> Recorded data

********

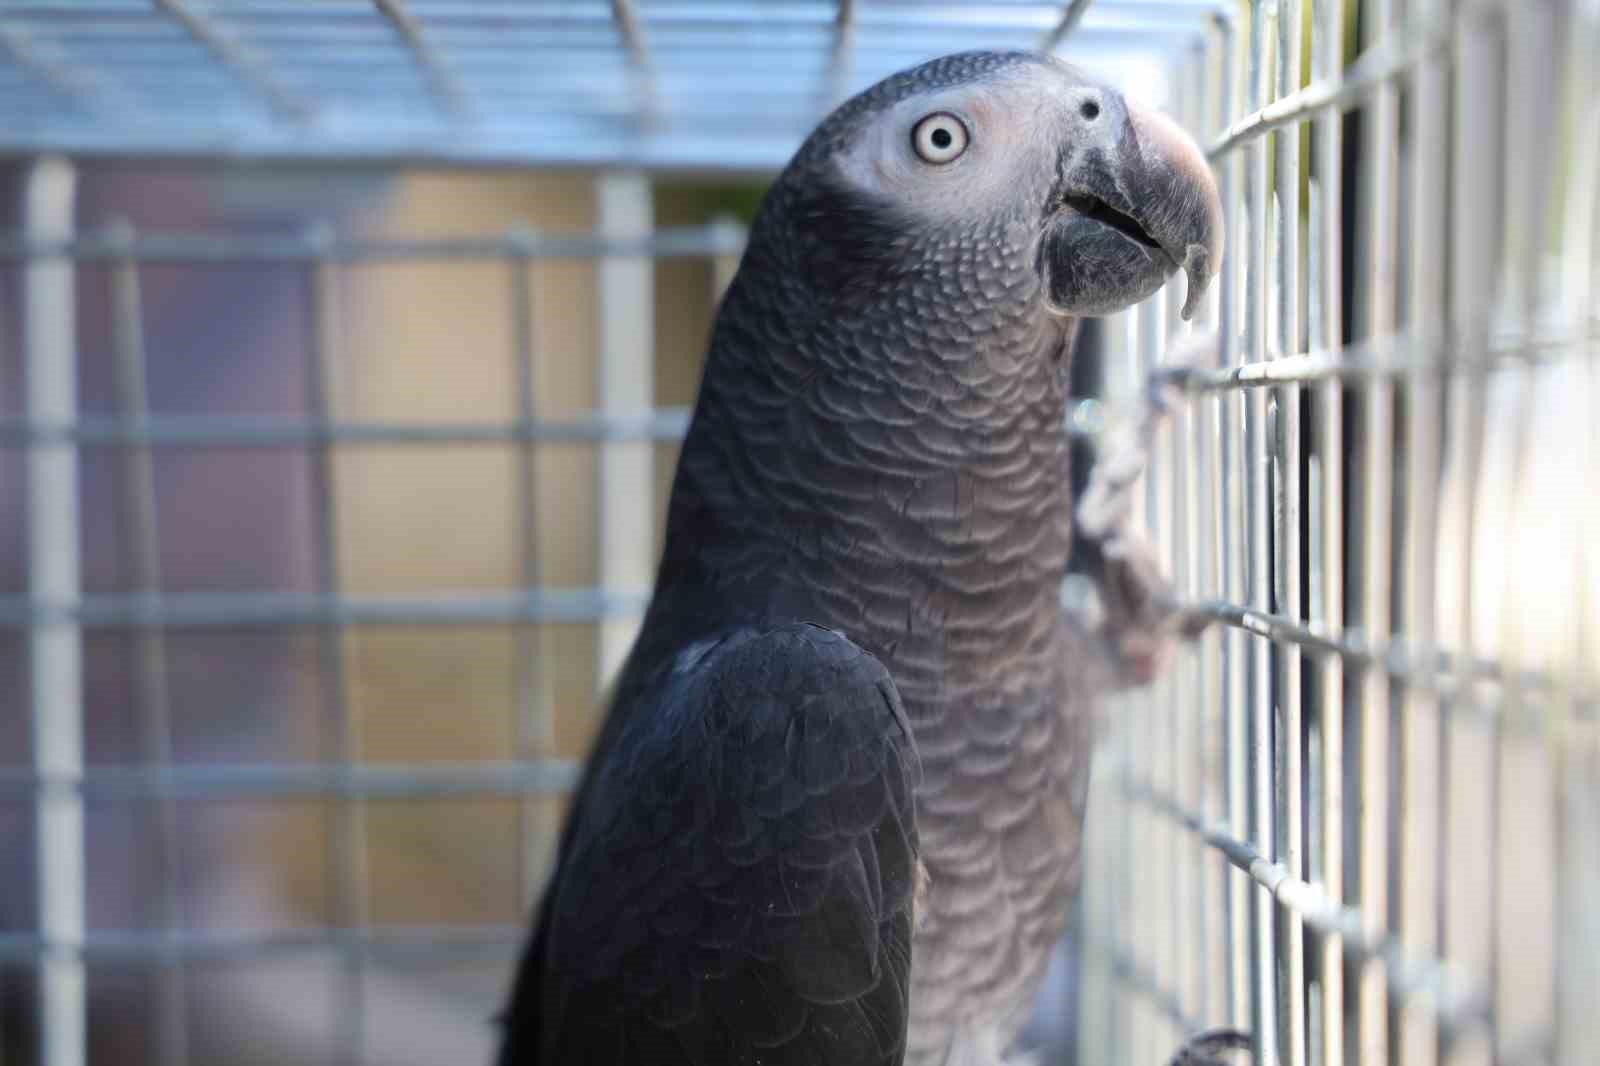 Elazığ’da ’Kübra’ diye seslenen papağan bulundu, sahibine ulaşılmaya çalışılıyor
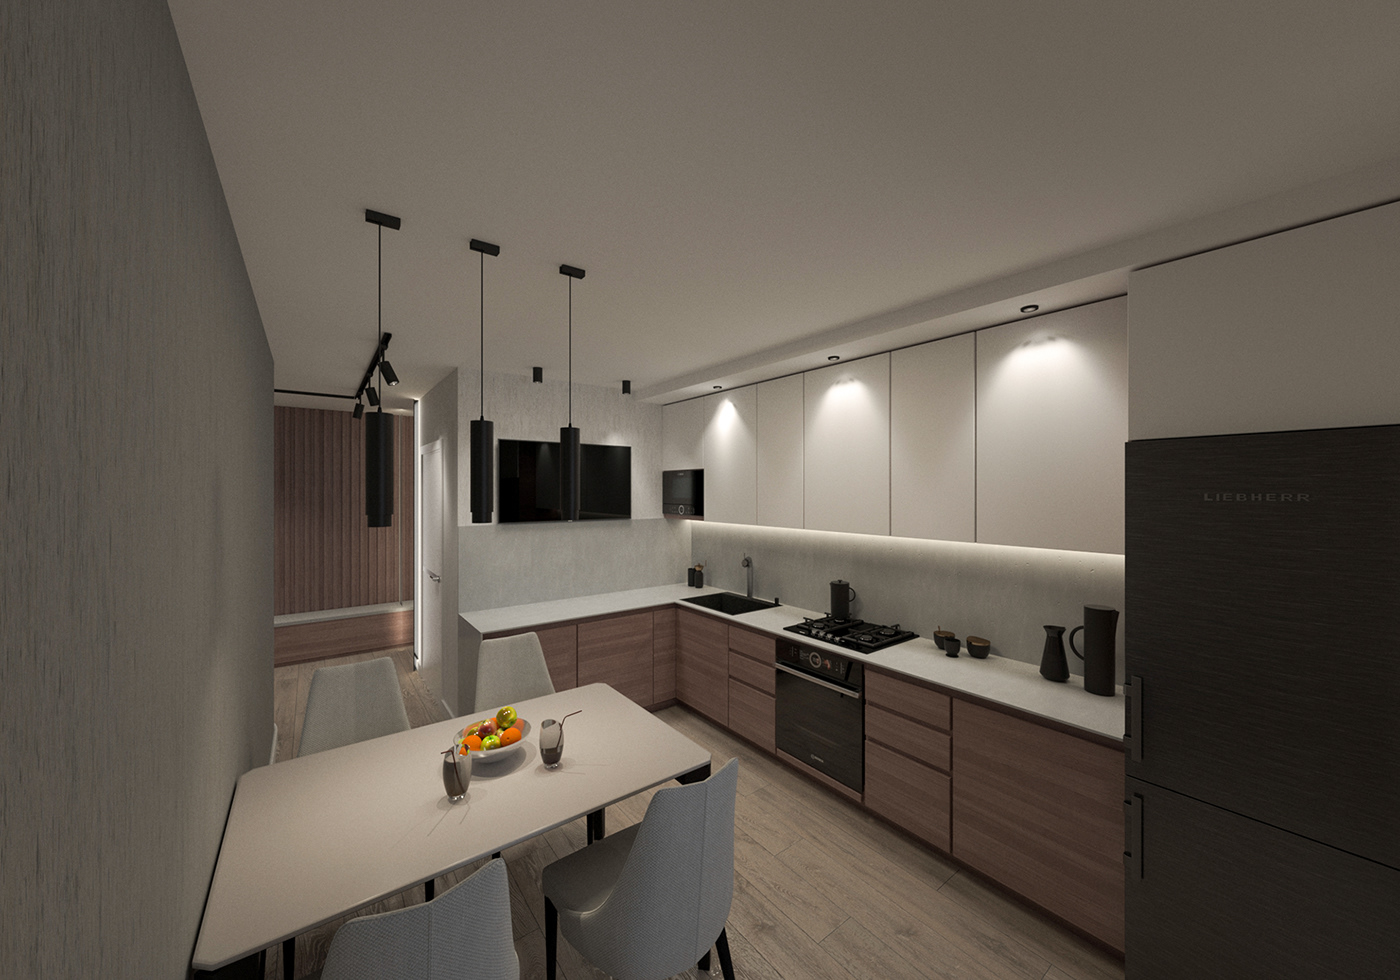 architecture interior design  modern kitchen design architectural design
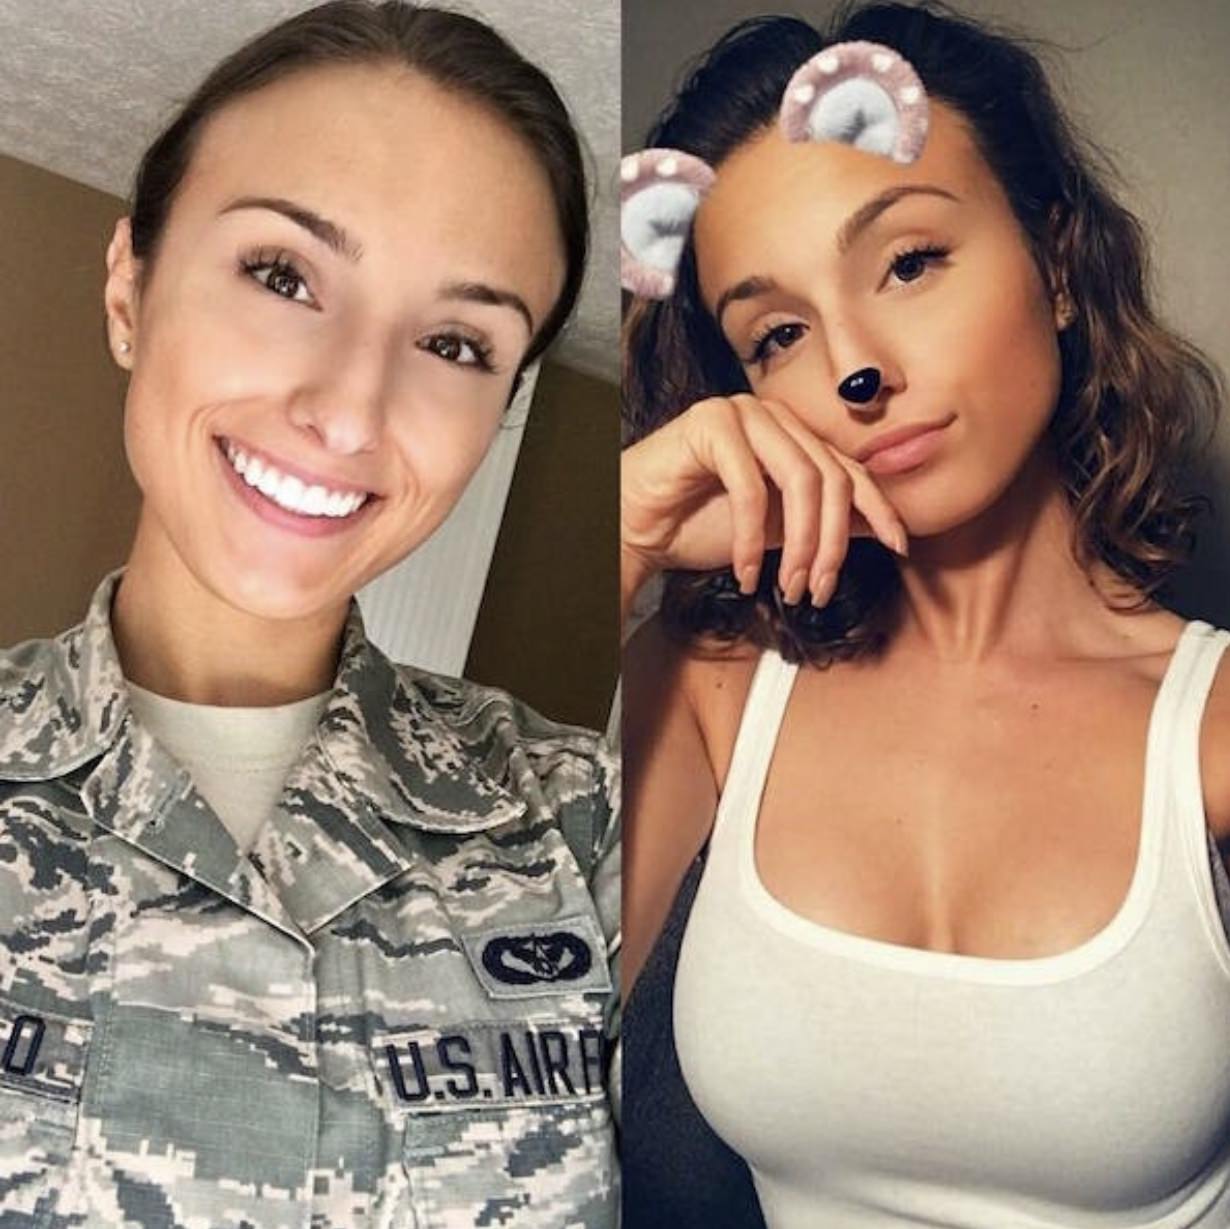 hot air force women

********

Pictures are skipped here. Print exactly, and only, the lines from the one holding "architecture interior design" through the final line of the material above, both ends included.

> Result below
 architecture interior design  modern kitchen design architectural design
 hot air force women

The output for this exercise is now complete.